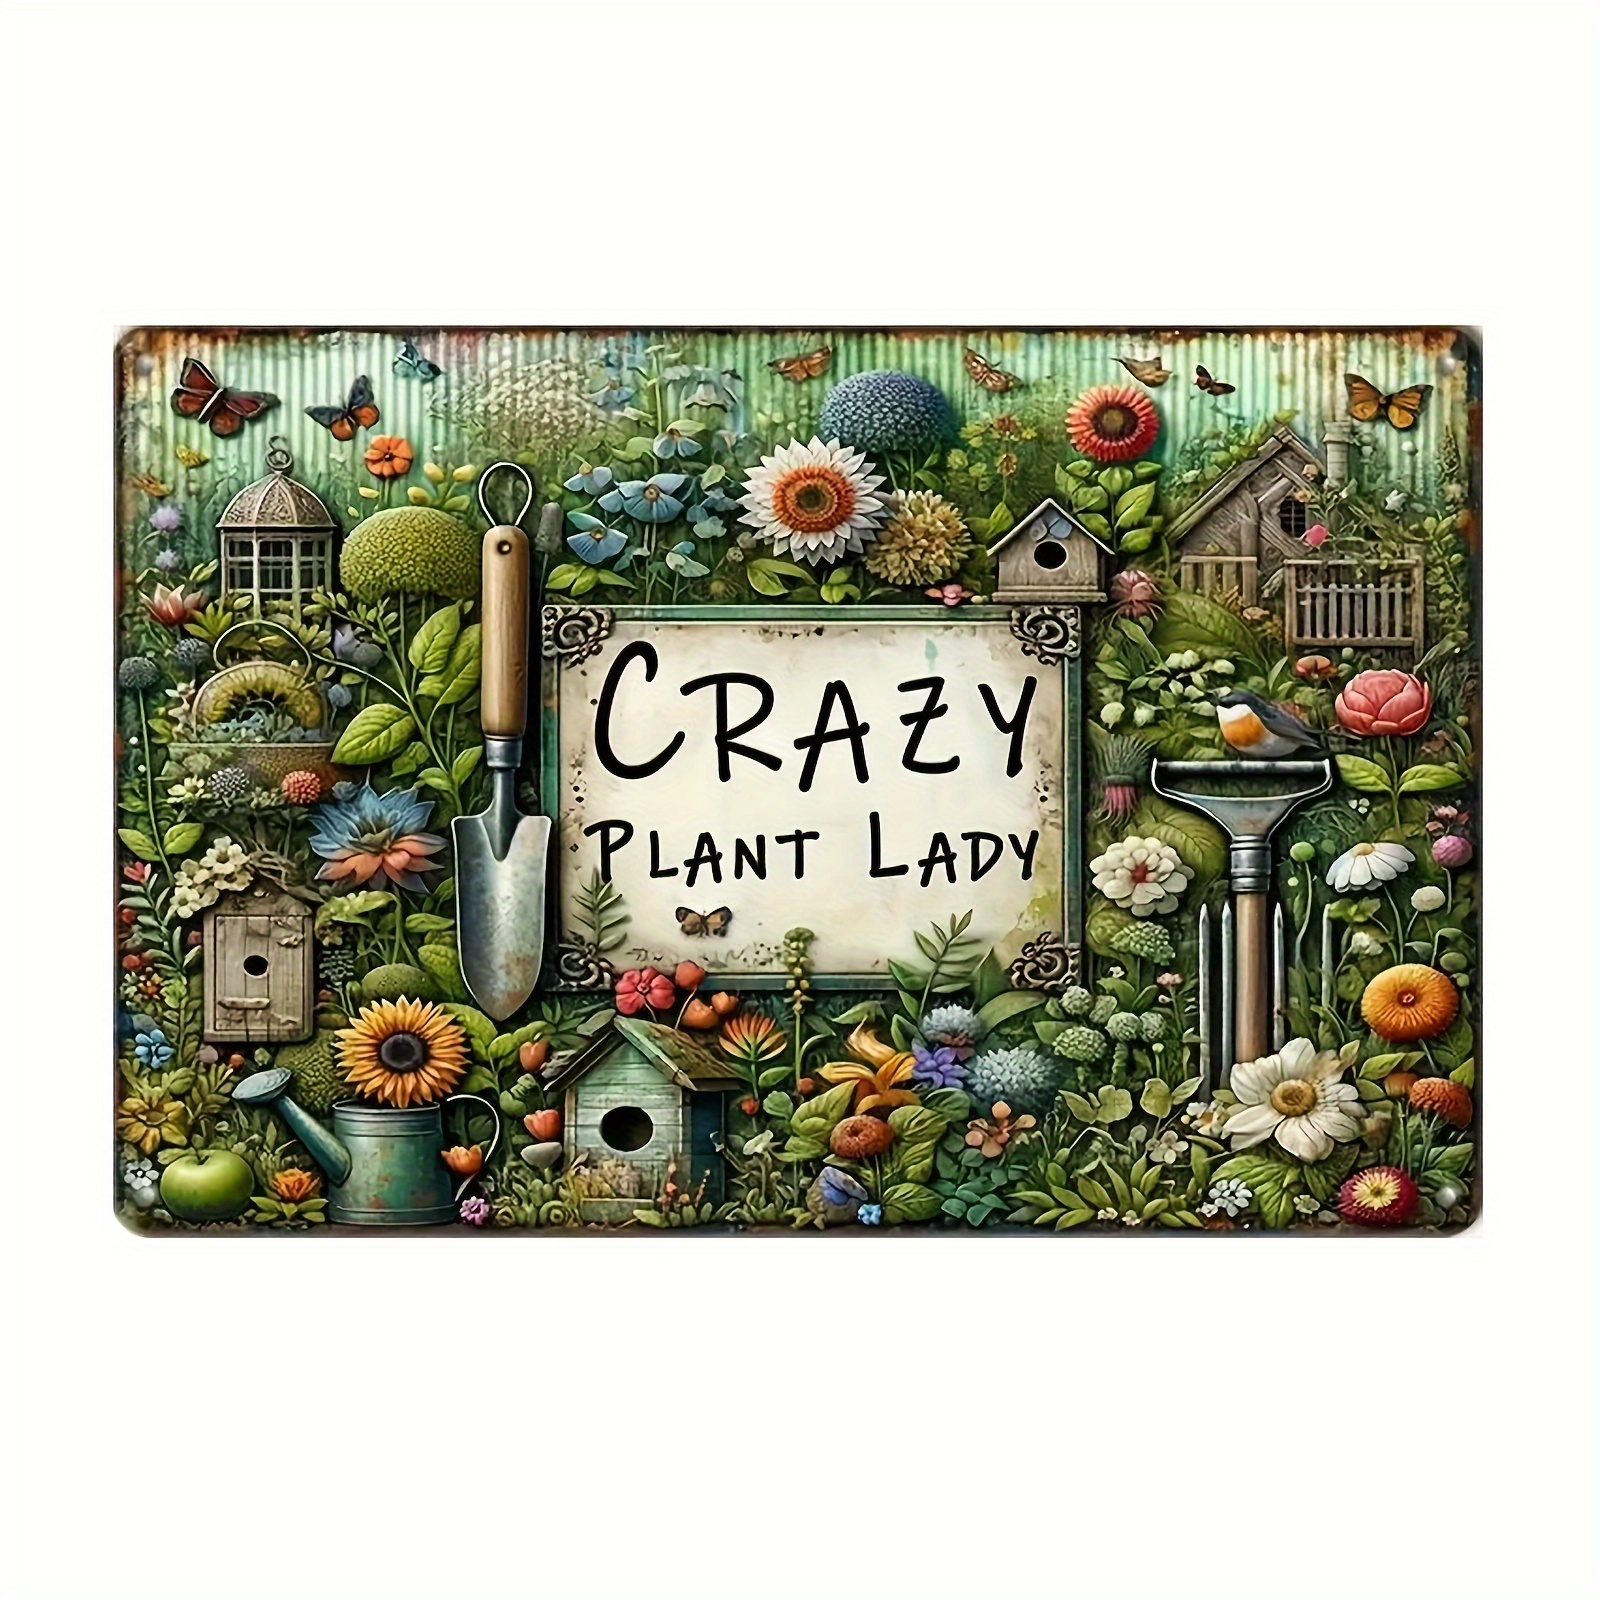 

Vintage-inspired 'crazy Plant Lady' Metal Sign - 8x12" Wall Art For Home & Garden Decor
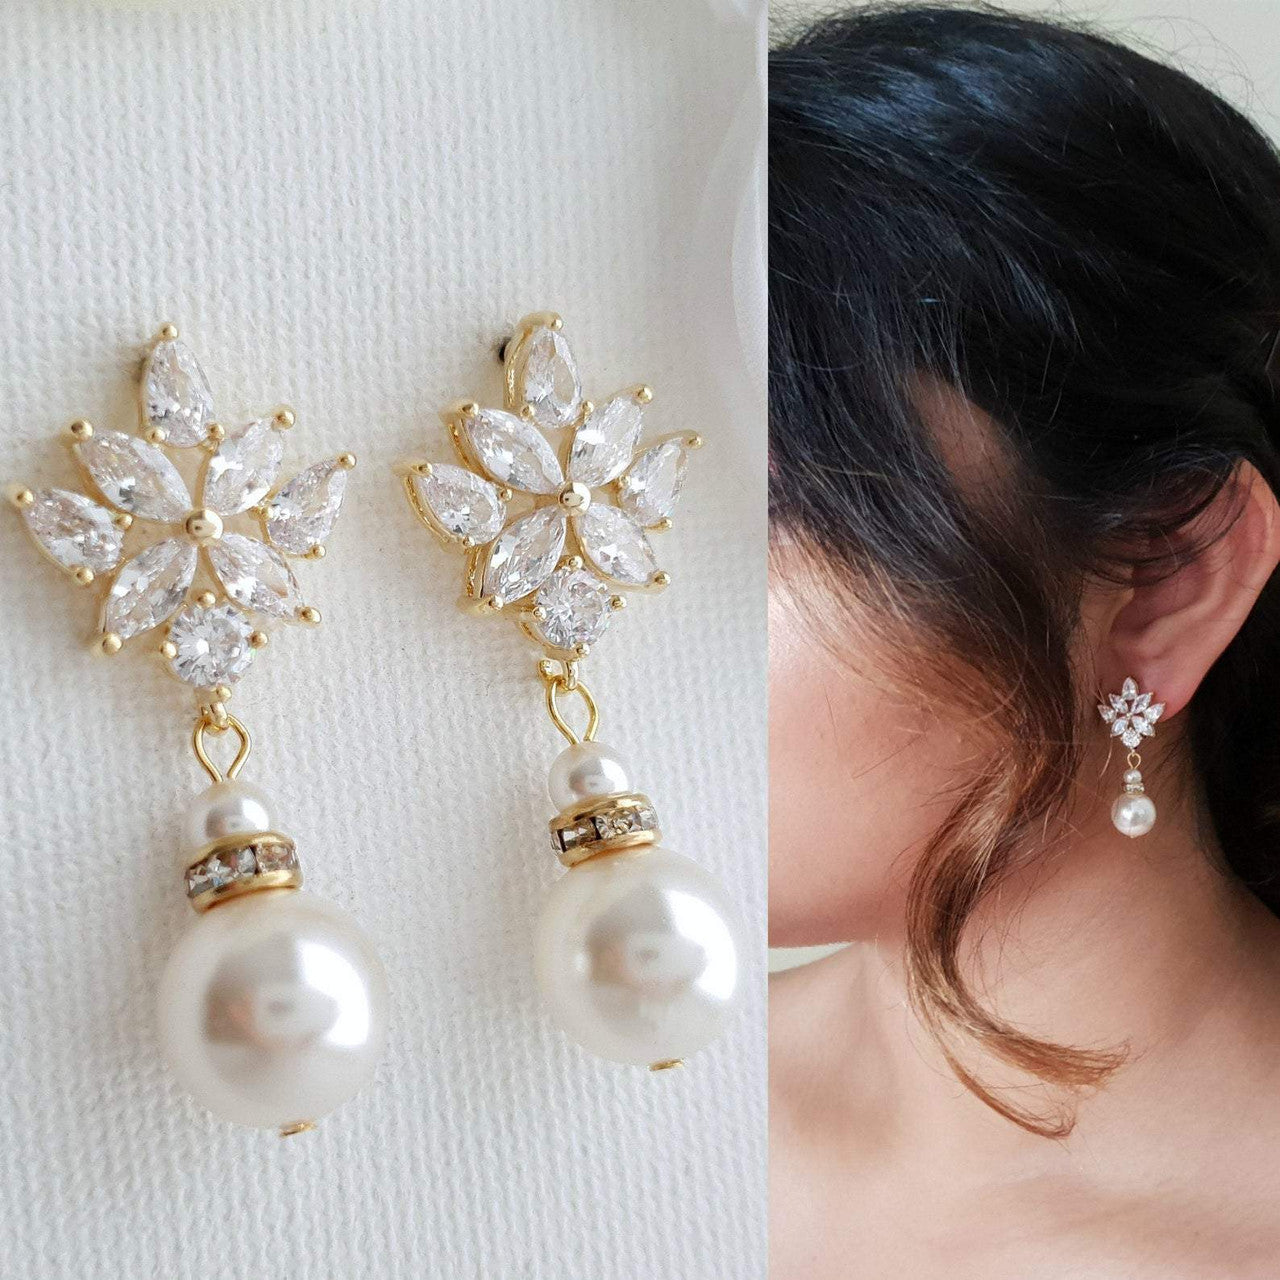 Bridal Earrings with Round Pearl Drops in Silver- Rosa
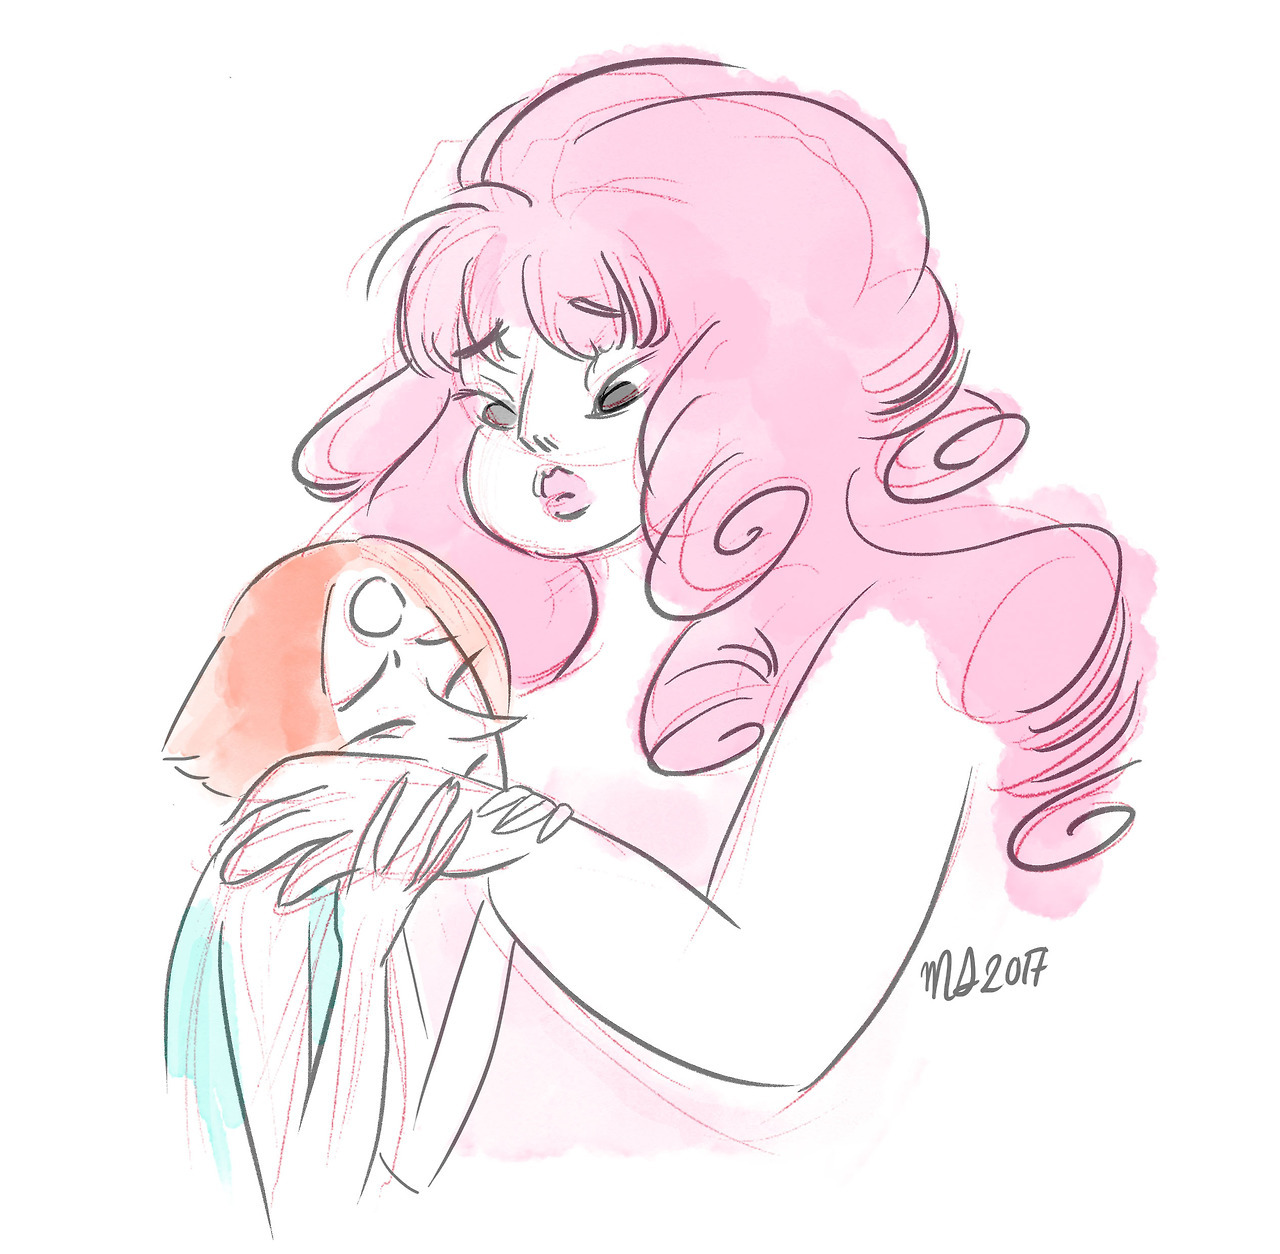 martadziedzic:Another quick sketch from steven universe. I kind of love the relationship
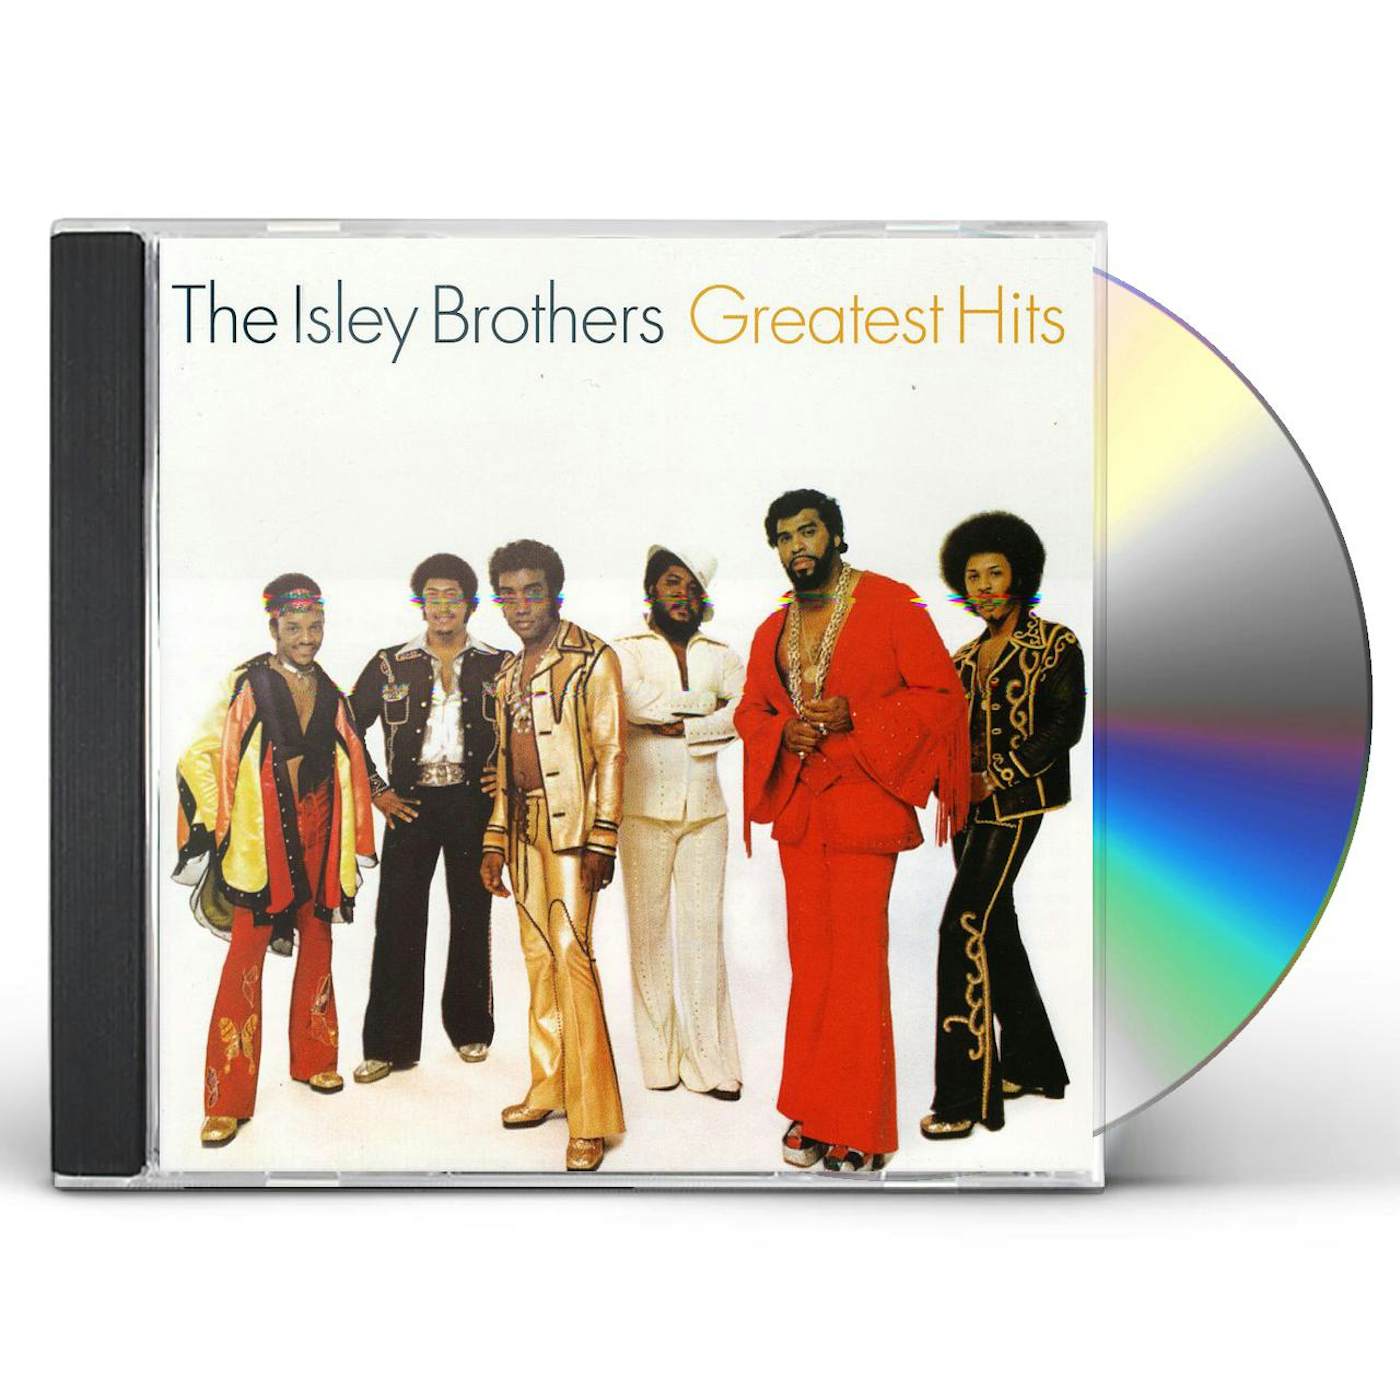 Greatest Hits & More by The Delfonics (CD, Masters) for sale online

- [What you are asked to do] Retype the data above in full, exactly as it stands, and skip any image.

- [Result for this task]
Vintage-inspired 'crazy Plant Lady' Metal Sign - 8x12" Wall Art For Home & Garden Decor
 Bridal Earrings with Round Pearl Drops in Silver- Rosa
 martadziedzic:Another quick sketch from steven universe. I kind of love the relationship
 Greatest Hits & More by The Delfonics (CD, Masters) for sale online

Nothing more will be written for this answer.